Databricks Certified Generative AI Engineer Associate — Question 42
A Generative AI Engineer is creating an agent-based LLM system for their favorite monster truck team. The system can answer text based questions about the monster truck team, lookup event dates via an API call, or query tables on the team’s latest standings.
How could the Generative AI Engineer best design these capabilities into their system?
Answer options
- A. Ingest PDF documents about the monster truck team into a vector store and query it in a RAG architecture.
- B. Write a system prompt for the agent listing available tools and bundle it into an agent system that runs a number of calls to solve a query.
- C. Instruct the LLM to respond with “RAG”, “API”, or “TABLE” depending on the query, then use text parsing and conditional statements to resolve the query.

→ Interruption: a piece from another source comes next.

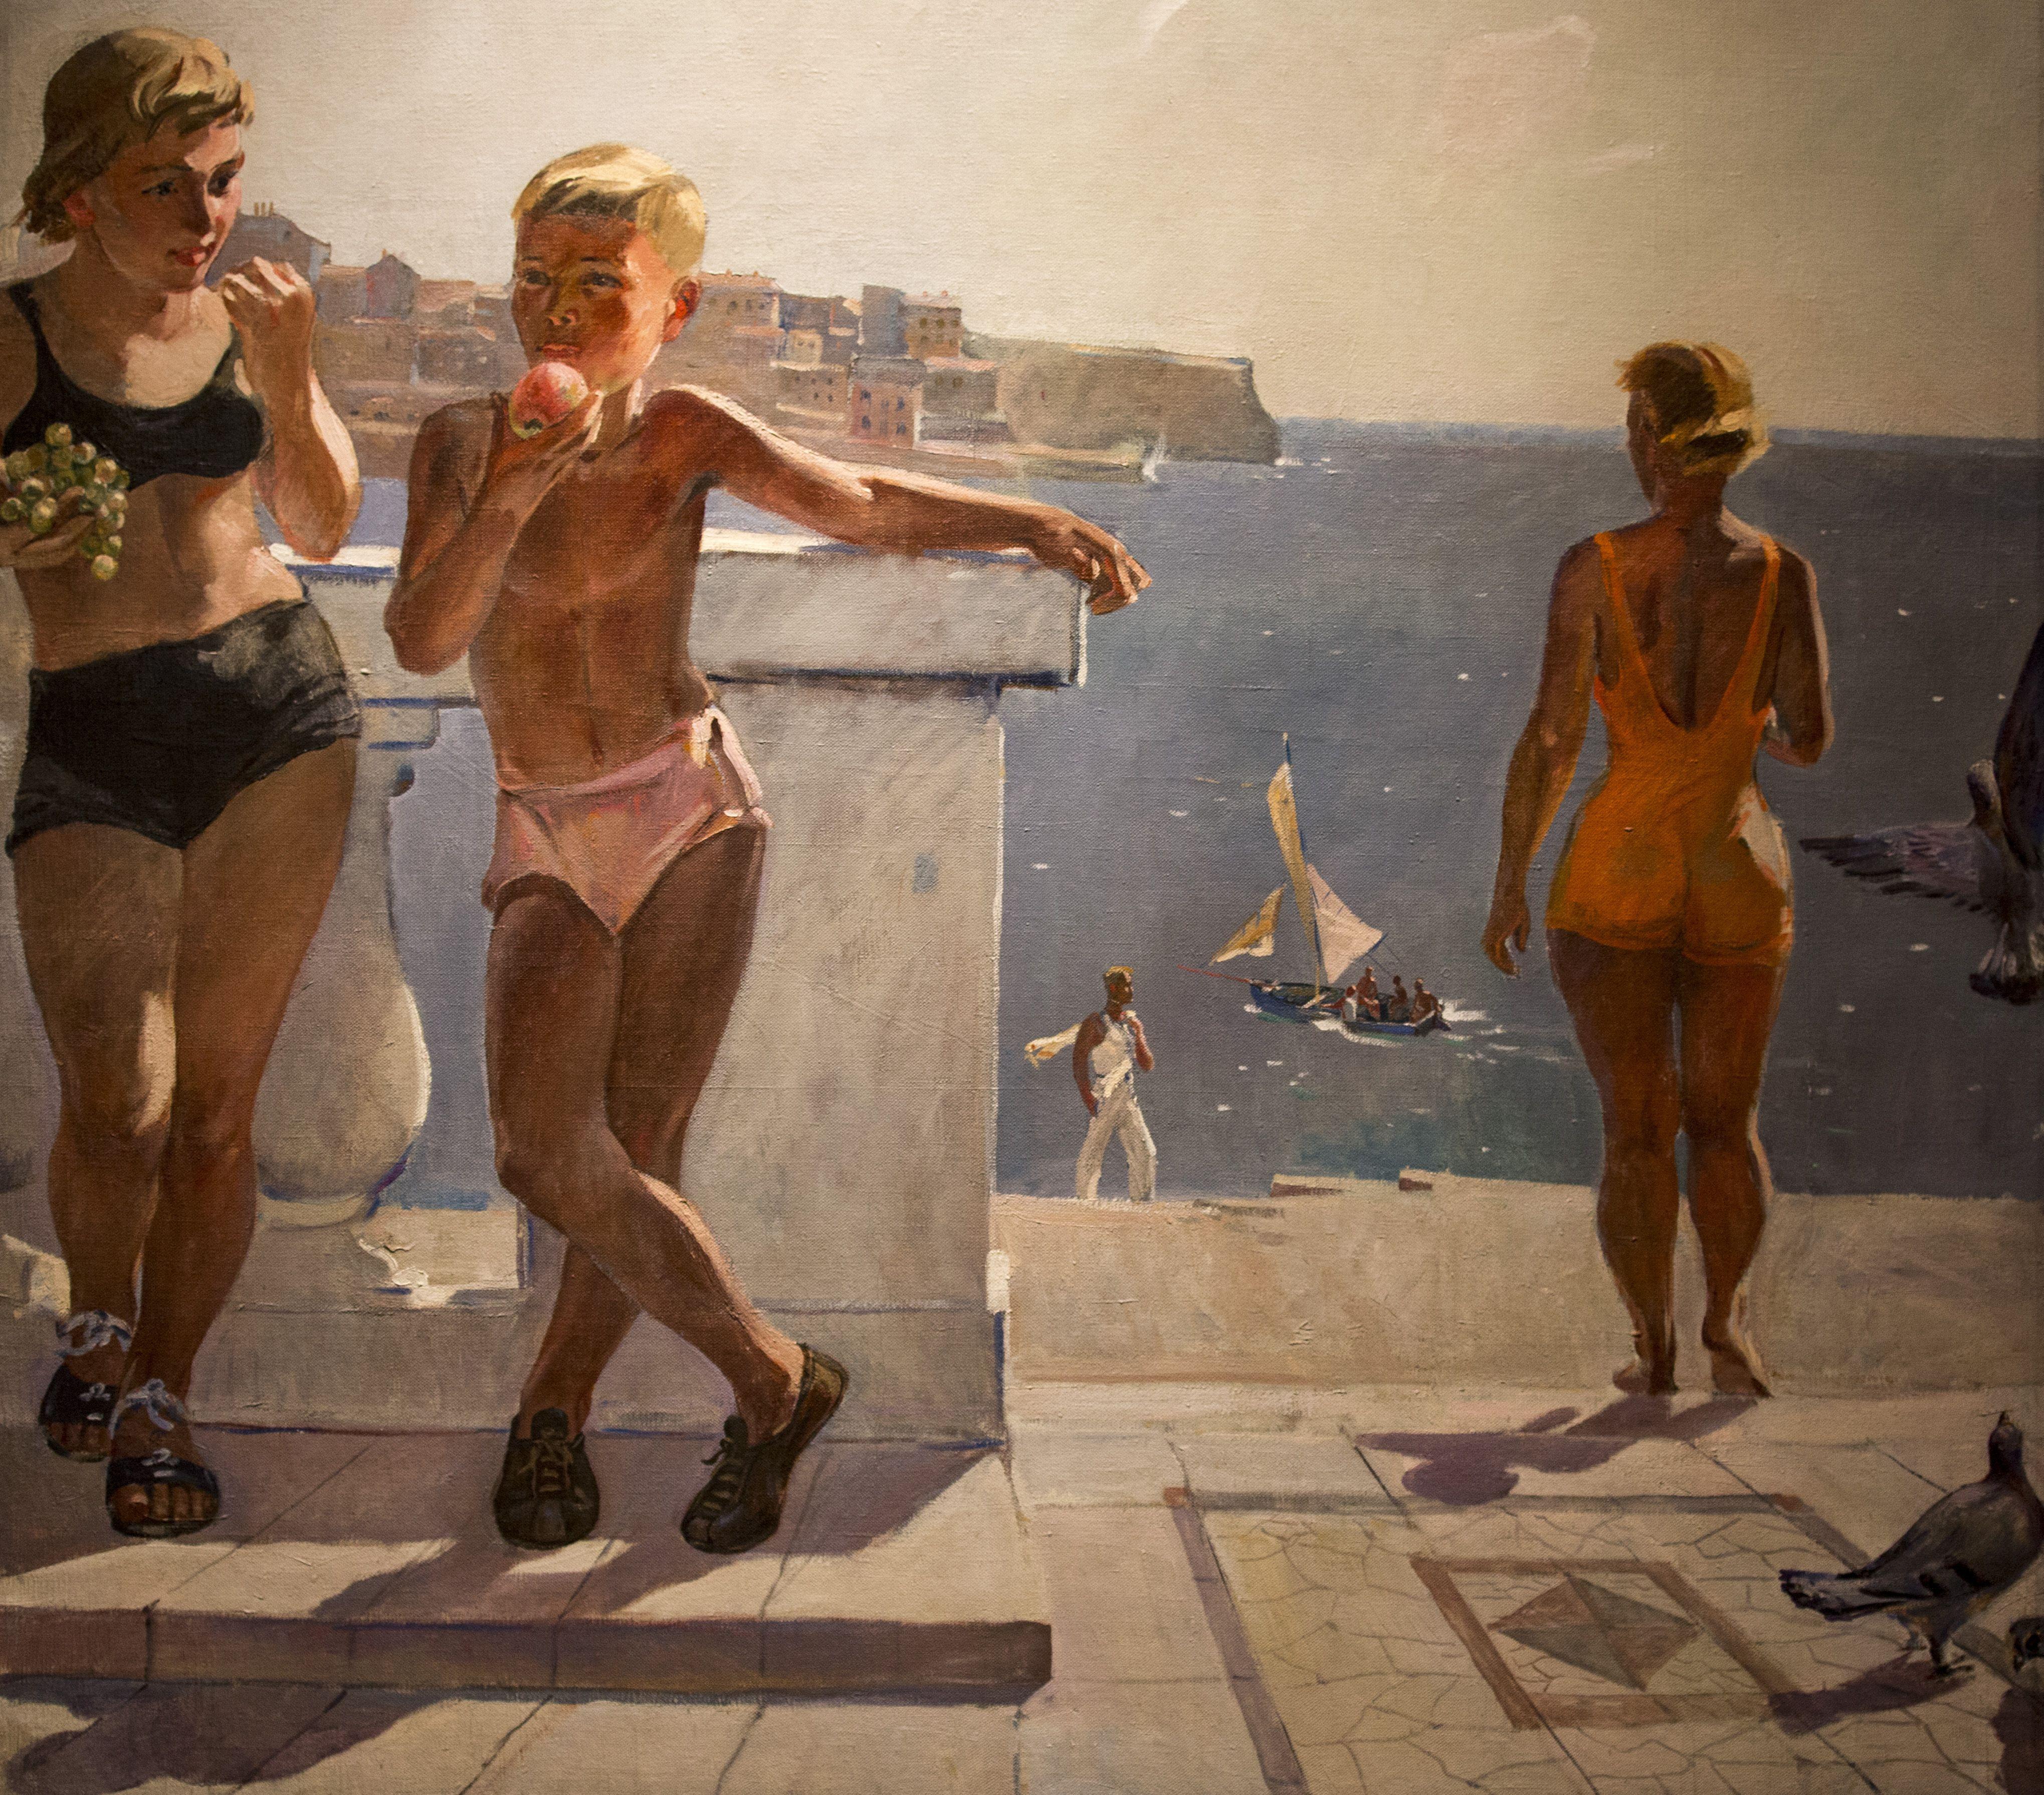 пасмурных картины соцреализма с названиями и авторами фото рыба

- D. Build a system prompt with all possible event dates and table information in the system prompt. Use a RAG architecture to lookup generic text questions and otherwise leverage the information in the system prompt.
Correct answer: B
Explanation
The correct answer, B, is optimal because it involves creating a detailed system prompt that informs the agent about the tools available, enabling it to make multiple calls to effectively solve various queries. Option A, while involving a vector store, does not fully utilize the agent's capabilities. Option C simplifies the response mechanism without leveraging the full potential of the system. Option D restricts flexibility by embedding all information in the prompt, which may not be efficient for dynamic queries.